Enzyme assays. Total activity of TRX was measured by the insulin disulfide reduction assay (11). This assay is based on the ability of TRX to reduce insulin in the presence of NADPH and an excess of TRXR. Briefly, aliquots of extracts from ventricular tissue samples were added to a reaction mixture that contained 47 mM potassium phosphate buffer, 0.1 mM EDTA, 0.2 mM NADPH, and 0.5 mg insulin. The reaction was started by adding 1 U bovine TRXR, and absorbance was read at 340 nm for 5 min at 37°C in a spectrophotometer (ThermoSpectronic).

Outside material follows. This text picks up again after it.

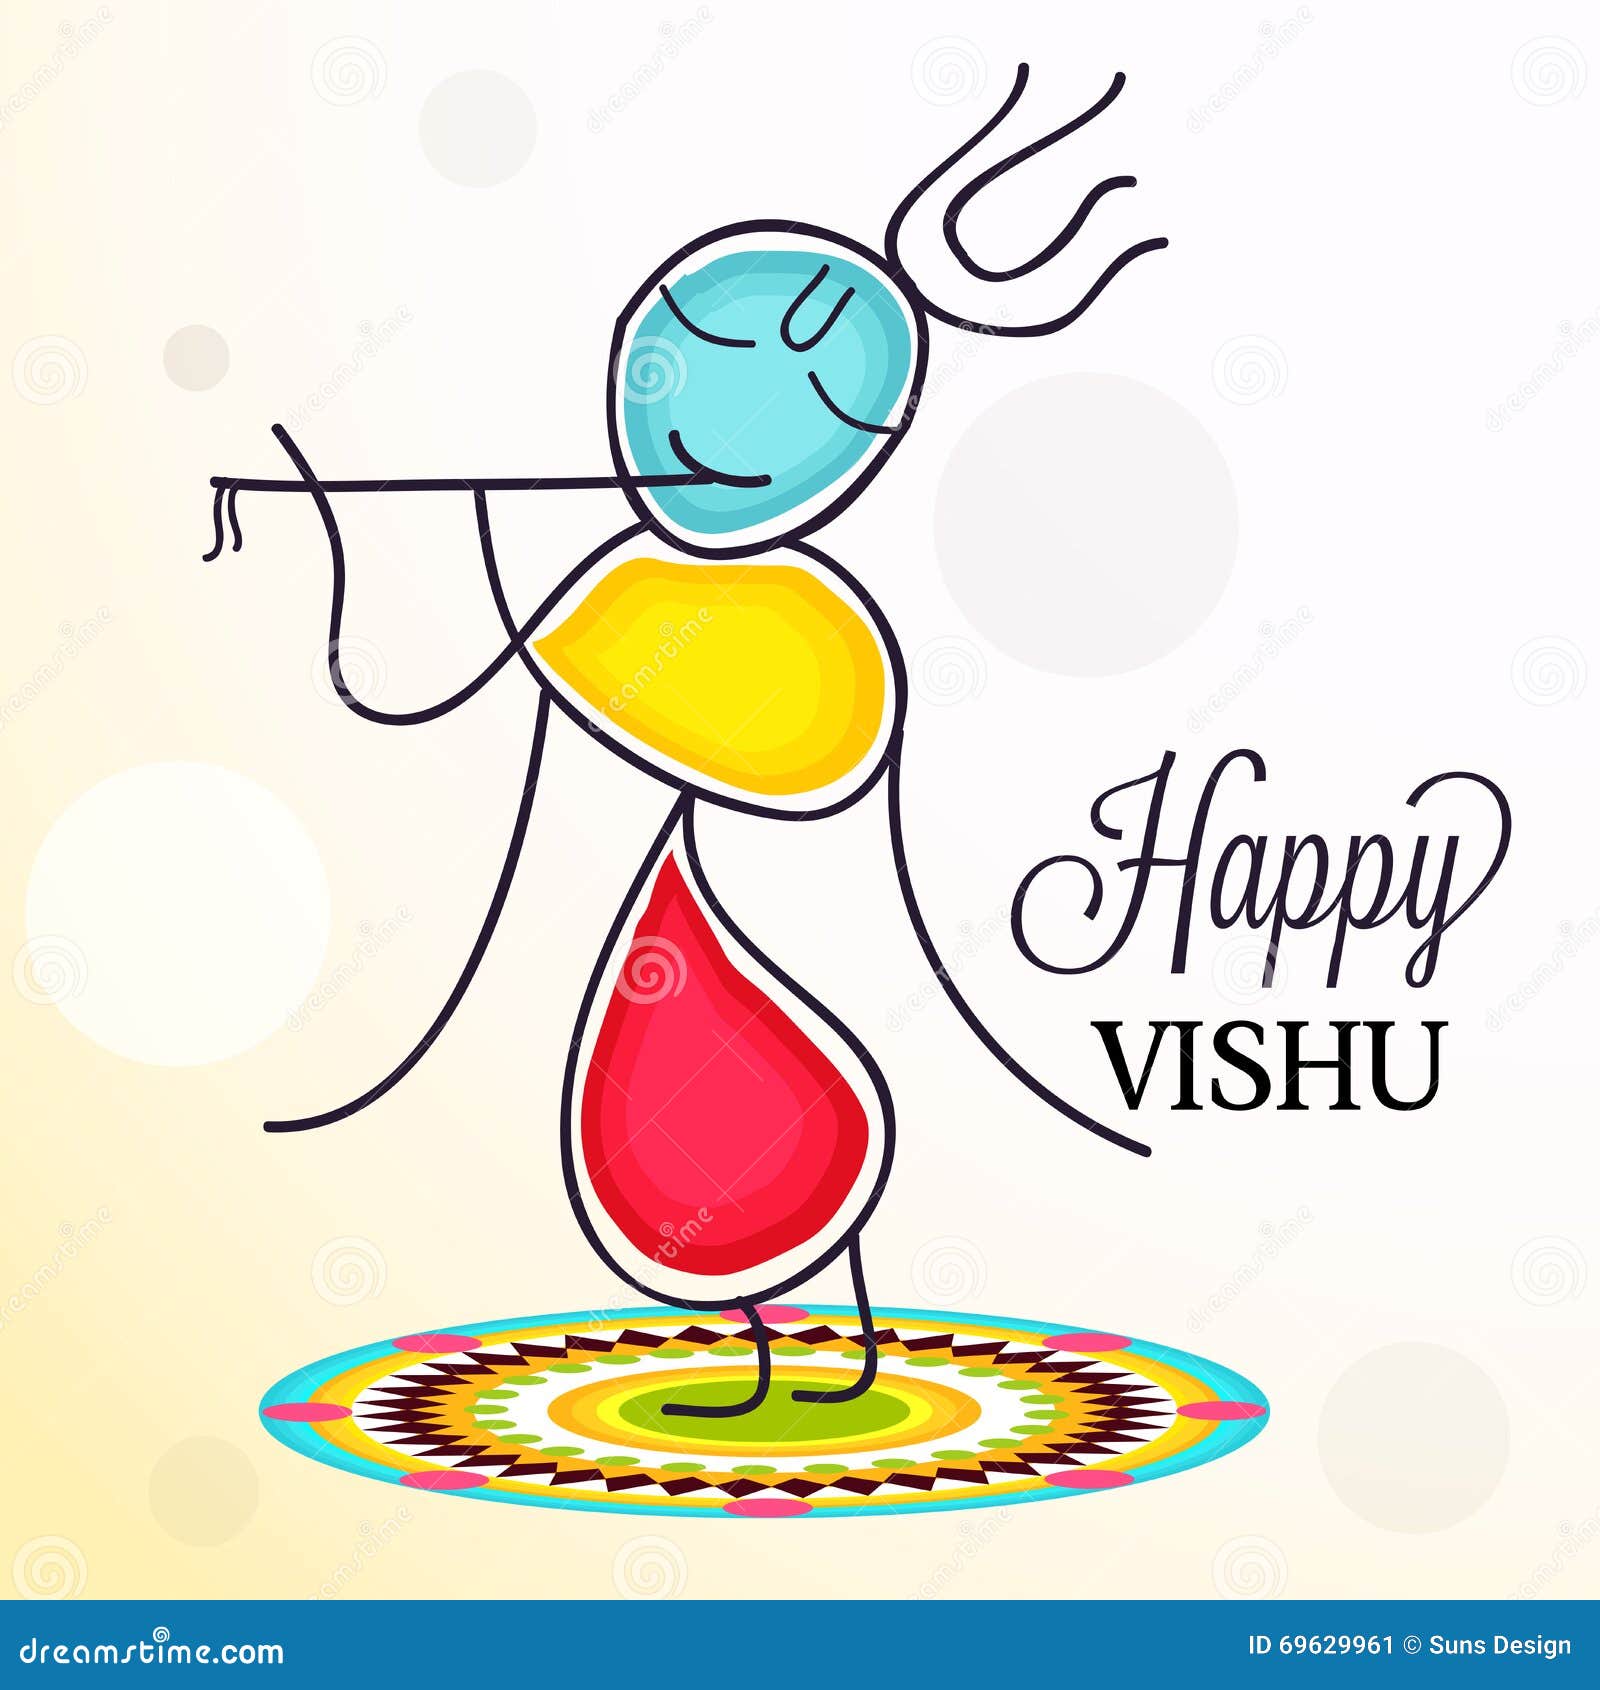 Happy Vishu stock illustration. Illustration of summer - 69629961

Measured activity was expressed in milliunits (mU) per milligram of protein with 1 mU TRX activity defined as 1 nmol NADPH oxidized per minute.
GRX activity was measured by the hydroxyethyl disulfide reduction assay (27). Aliquots of cell lysate from ventricular tissue samples were added to a reaction mixture that contained 0.2 mM NADPH, 0.5 mM GSH, 0.1 M potassium phosphate buffer (pH 7.4), and 0.4 U GR. The reaction was initiated by adding 2 mM hydroxyethyl disulfide, and the NADPH absorbance at 340 nm was monitored over 5 min. Activity was expressed in milliunits per milligram of protein with 1 mU GRX activity defined as 1 nmol NADPH oxidized per minute. It should be noted that the TRX and GRX assays used in the present study measured total reducing activity and did not differentiate between the active (reduced) and inactive (oxidized) forms of these redox-active enzymes. Moreover, the assays did not distinguish between the different isoforms of TRX and GRX (15, 21, 25, 37).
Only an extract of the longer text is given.